3.3 PigmentsChromatographic analysis revealed the presence of a wide range of pigments which

clearly exhibits spatial variability. Identification was based on the retention time and peak shape

through fingerprint matching with known peak shape from the diode array of spectral library.
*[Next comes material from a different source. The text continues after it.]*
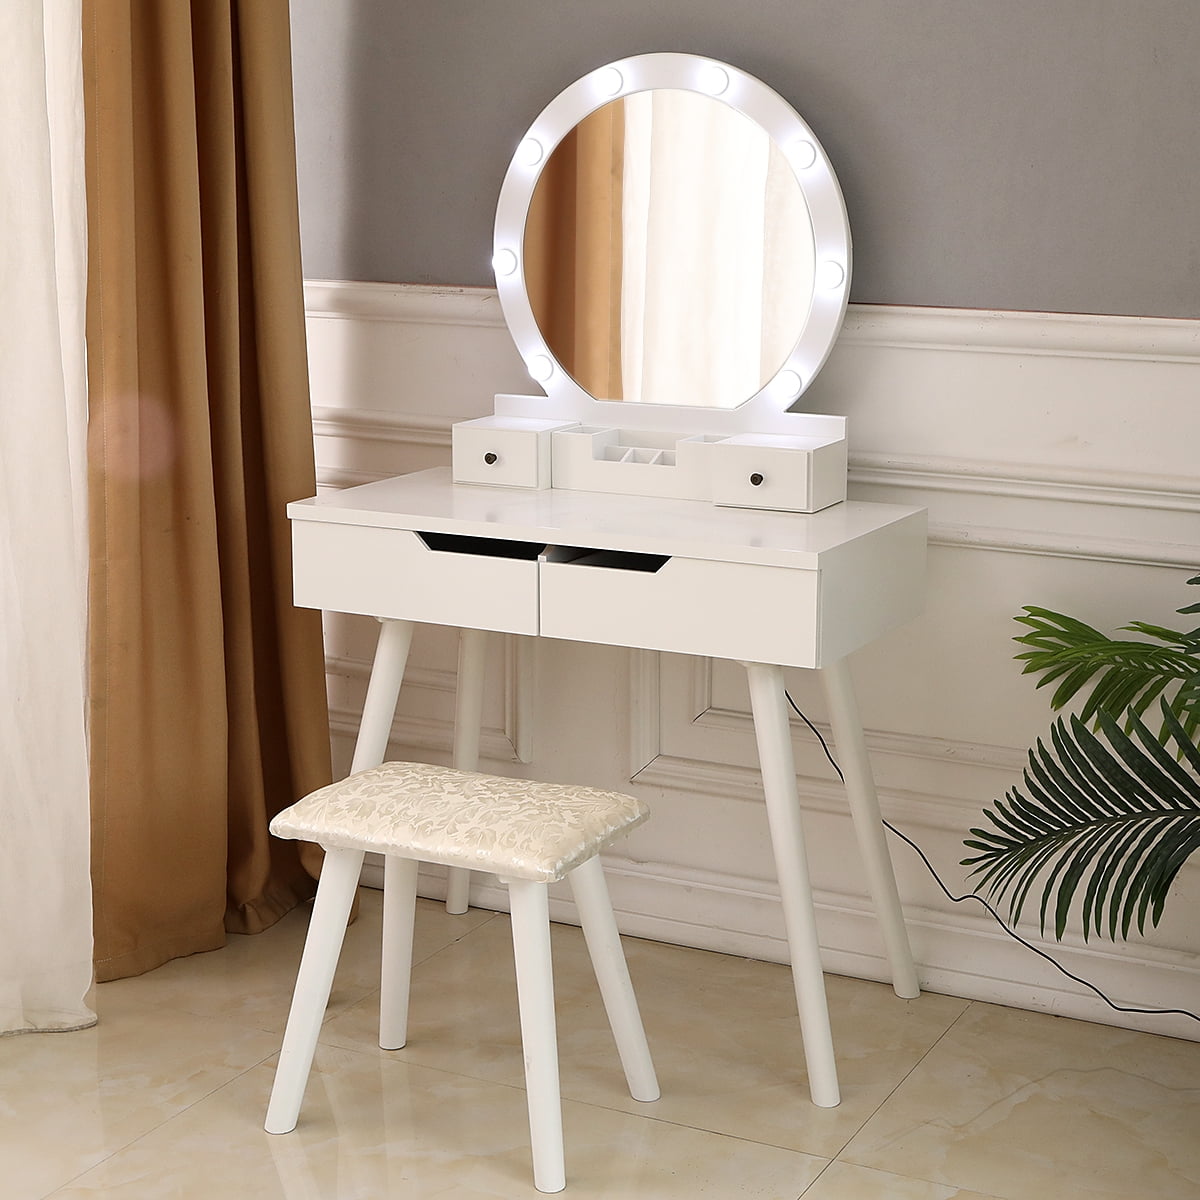 Ktaxon Vanity Set With Round Lighted, White Vanity With Round Mirror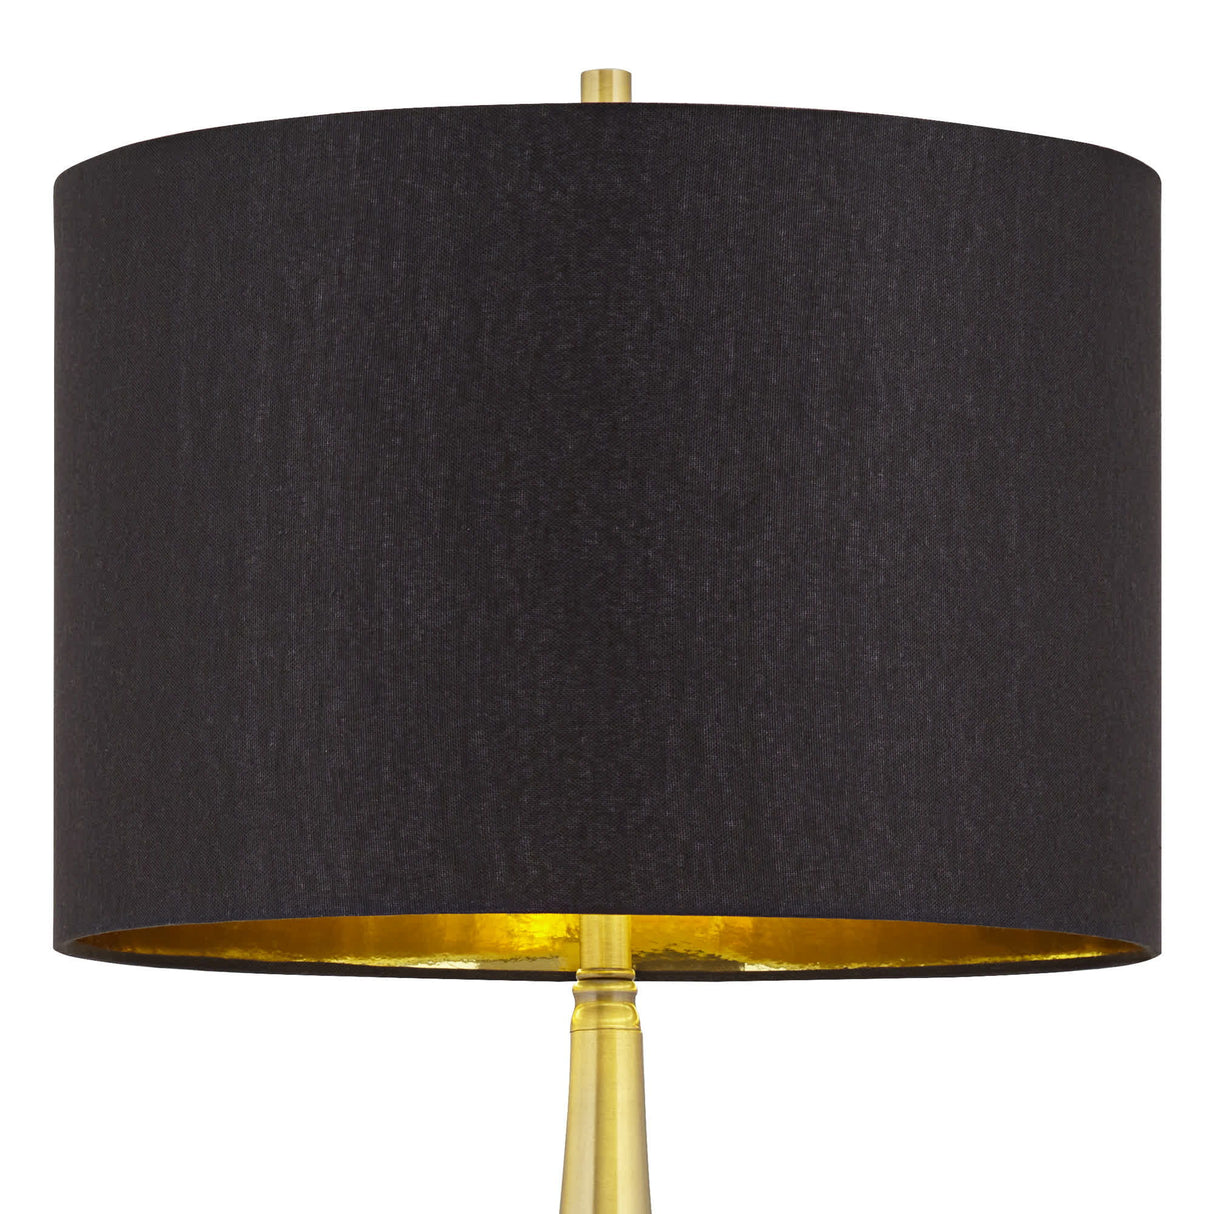 Eleanor - Table Lamp - Antique Brass

These were created by running pure individual pigment standards. The concentrations of the

pigments were computed from the peak areas (Figure 2 and 3). Nearly 12 algal classes were

recorded by HPLC in this monograph belonging to pico phytoplankton (<2 μm), nano

phytoplankton and (2-20 μm) micro phytoplankton (20-200 μm) which are rarely detected by

classical method (Table 3). The phytoplankton pigment composition was significantly different in

each of the sites. The identified carotenoids include fucoxanthin (diatoms), diatoxanthin and

diadinoxanthin (diatoms, dinoflagellates), alloxanthin (chryptophytes), lutein (green algae and

higher plants), zeaxanthin (cyanobacteria) and peridinin synthesized by dinoflagellats

(Johansen, 1974). Chl b commonly is ascribed to green algae while the β-carotene and Chl a are

more general indicators of total algal abundance.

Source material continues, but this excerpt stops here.